In the original paper of HCC2 only 104 differentially expressed genes were identified when dysplasia samples (n = 17) were compared to early HCCs (n = 18) . The authors interpreted the biological function of early HCC based on gene functional classification. As a result, only a few gene sets were analyzed and their statistical significance had not been estimated yet. To provide a more comprehensive view on the initial processes of hepatocarcinogenesis, we applied eGSA on the earliest stage of HCCs (very early HCC in Figure 2A, n = 6). Owing to the insensitivity of eGSA to transcriptomic heterogeneity, we can now identify more altered biological functions with statistical significance in very early HCC. To avoid potential errors from name-space issues , we carefully removed the gene sets containing high percentage of duplicative genes (>10%).

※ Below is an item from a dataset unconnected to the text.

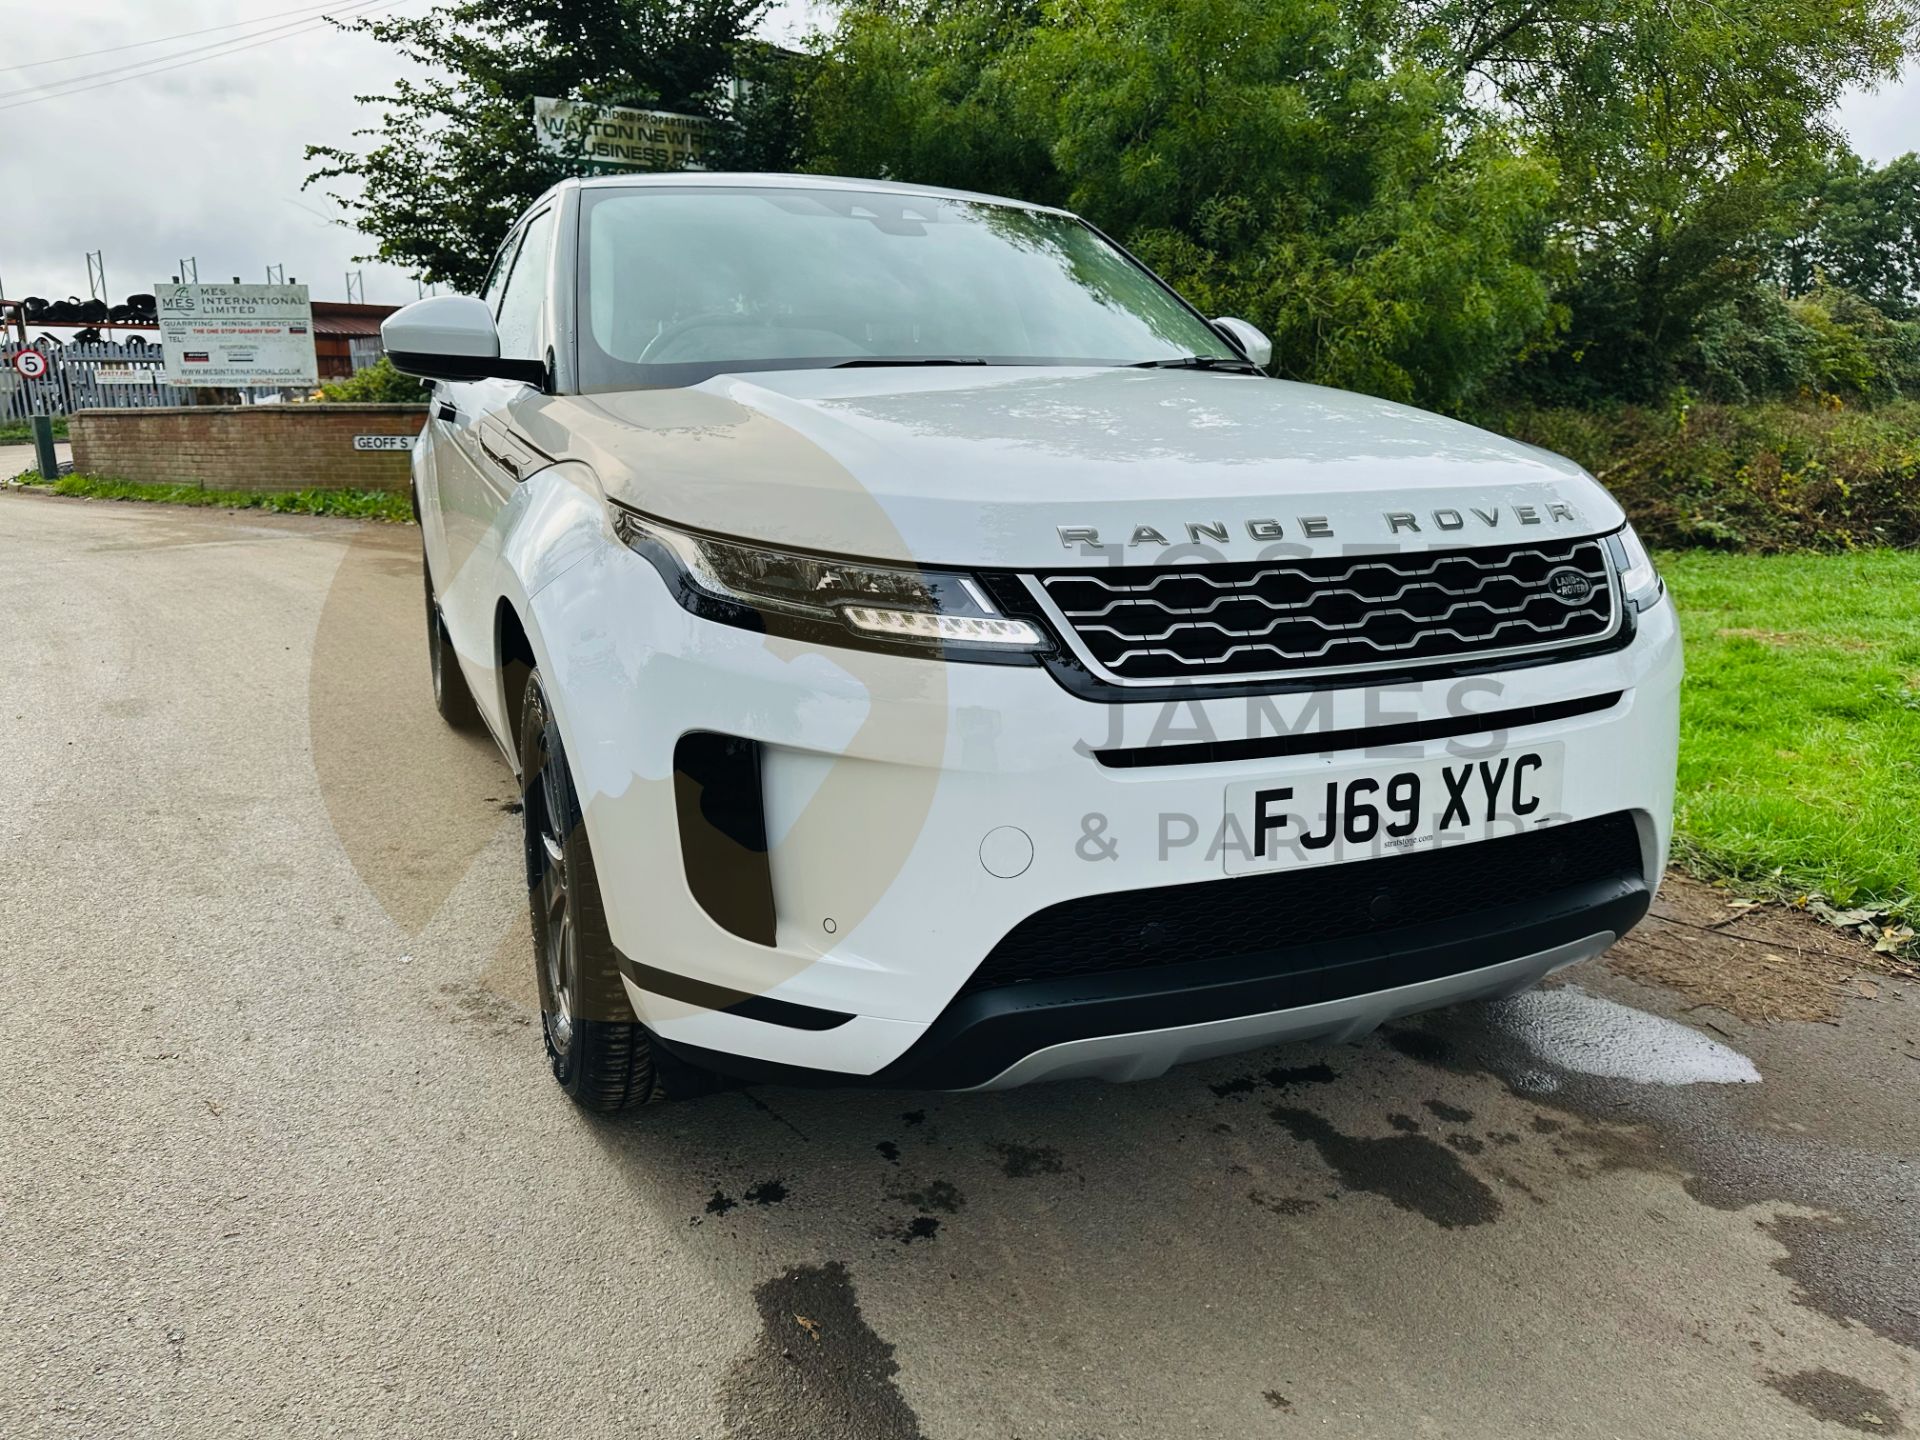 (ON SALE) LAND ROVER RANGE ROVER EVOQUE 2.0d AUTO-START STOP (2020 MODEL) ONLY 33K MILES FROM NEW - Image 3 of 41

The filtered gene sets were functionally clustered into branches of an acyclic network according to their GO term relationships (Figure 6). The GS ranking orders are presented in a color scale (red: up-regulated; green: down-regulated). The top 100 up- or down-regulated gene sets are listed in Additional file 2.
In the eGSA results, the major functional changes are basically consistent with the original observations and previous descriptions on HCC [11, 15–17]. Moreover, eGSA provides new insights into the initial processes of HCC. Gene sets related to major hepatic metabolisms, including cholesterol, steroid, hormone and amino acid metabolisms, are significantly down-regulated (see section B of Additional file 2). The down-regulation of these biological functions may be due to the failure of normal hepatic functions. On the contrary, nucleoside and protein metabolisms required for rapid cell growth are significantly up-regulated. These include pyrimidine nucleoside metabolism (p value is 2.3E-5, ranking order is 89th), ubiquitin-mediated protein degradation (4.76E-5, 37th), tRNA aminoacrylation (3E-3, 98th) and ribosome biogenesis and assembly (9.52E-4, 76th) (see section A of Additional file 2).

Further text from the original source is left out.